Native Omaha Club, photo by Lachance (Andrew Lachance)
Once, at a surprise birthday bash for his wife, he got comedian Red Foxx, then appearing in Omaha, to stop by. “He was the life of the party,” Billy said. “Down and dirty.” Billy’s penchant for music gained him entree into some privileged ranks. Preston Love arranged for Billy and Martha to attend private parties headlined by Count Basie and Fats Domino on the same night. “That was the most exhilirating night.” On one occasion, Love, a sideman with Basie in the ‘40s, brought Basie over Billy’s house. A photograph recording the visit hangs in Billy’s music room. Another time, Love had Billy join he and the Count on stage at the Orpheum Theater.
“Everybody knew I loved music,” Billy said, “and it led to lots of connections.” He even carried some of his music along with him on road trips in response to friends asking that he bring certain recordings they liked.
A Collector’s Dream
His collecting began in 1939. By the time he went off to serve in the all-black 530th Quartermaster Battalion in World War II, his holdings were significant. After tours of duty in North Africa, Italy — where he and his GI buddies enjoyed operas — and the Pacific, he returned home, only to find his albums warped from lying flat. Undaunted, he began collecting anew. “I really got serious after the war. I started buying records 90 miles a minute. Forty or fifty at a time,” said Billy, who spent a third of his $7 a week salary on music.
He purchased so many records at one music store, Lyon and Healey, that shop owner Bill McKenzie advised him to invest in a reel-to-reel recorder and tape player. It set him back $600 and took him five years to pay off. Then, from one music lover to another, McKenzie told Billy he could have his pick of any records in the store to transfer over to tape — for free. Over six or seven years, Billy estimates he brought home thousands of records that he put on tape. He “knows what’s on every tape” and cartridge, too, thanks to a catalog he’s prepared.

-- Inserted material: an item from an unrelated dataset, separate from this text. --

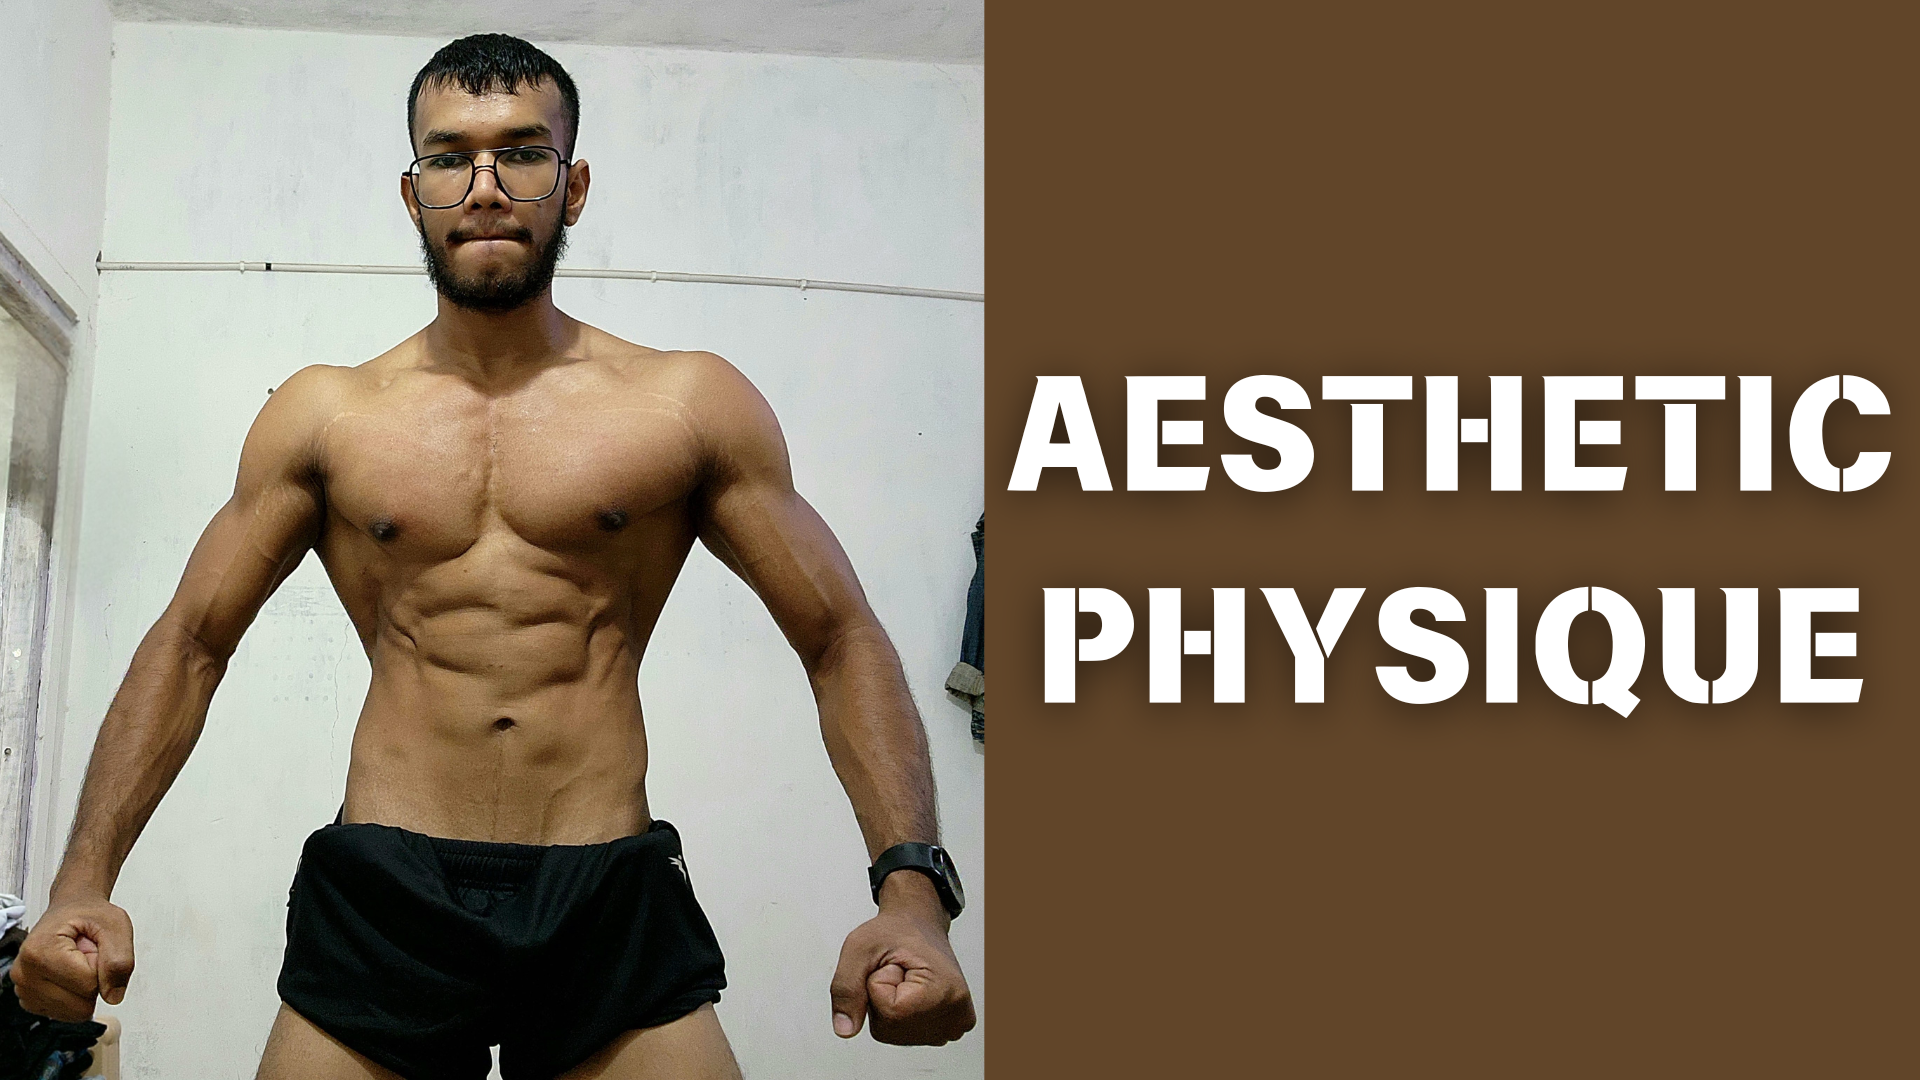 You are currently viewing How To Build An Aesthetic Physique [Without Going to The Gym] Easy Guide

Hard-pressed to choose any aspect of his collection over another, he’s proudest of “the magnitude of it” and the fact it’s “not just one kind of music.” Despite not playing an instrument,he professes “an ear for music.” He even calls the best of rap “genius,” though it’s not his idea of music. Wife Martha Melton can attest to Billy’s wide-ranging tastes. “There is no form of music he does not love. He just loves music, period.” Indeed, his collection encompasses big band, jazz, blues, soul, gospel, spiritual, pop, rock, funk, classical, opera, international. She says he’s well-deserving of his self-proclaimed Doctor of Music degree. Eclecticism aside, it’s still “the black music” he “turns to” for personal pleasure. He favors “the old timers,” by which he means the big bands and vocalists of his youth. “They could do it all. Their charisma made them stand out above the rest.” And, for Billy, Basie’s in a league of his own. “If you feel down, his music will lift you up. Just that rhythm and beat in unison.” Play Basie’s “One O’clock Jump,” and he’s in heaven.
Like many music devotees, he prefers old wax records to CDs. “It’s the real thing. It takes you back. I like the scratches and the noise. You can almost see the guys.”
Billy wishes he could properly display his wares. “The only disappointment I have is I don’t have enough space to have everything in the same room, where I could appreciate it.” He’s looking for the right venue to preserve his treasures and use them as educational resources for the public. Dealers have tendered offers. He hopes a local museum, preferrably one with a black emphasis, makes him a deal. So far, he’s had preliminary talks with officials from one center about it being the home for his stuff. A potential hangup is the matter of compensation. “My life is in here,” he said. “I just can’t give away my life.”
Like the music of his life, Billy’s a swingin’ cat with few regrets. “My wife and I have done everything. There’s nothing we haven’t enjoyed from the fruits of our labor. The only sad part is we’ve lost so many of our friends that enjoyed life, too.”
Billy, who fashions himself a homespun philosopher, has one more thing to say about music. “If people could get along and blend together in harmony like these musicians do, oh, man, would this be a great world to live in.”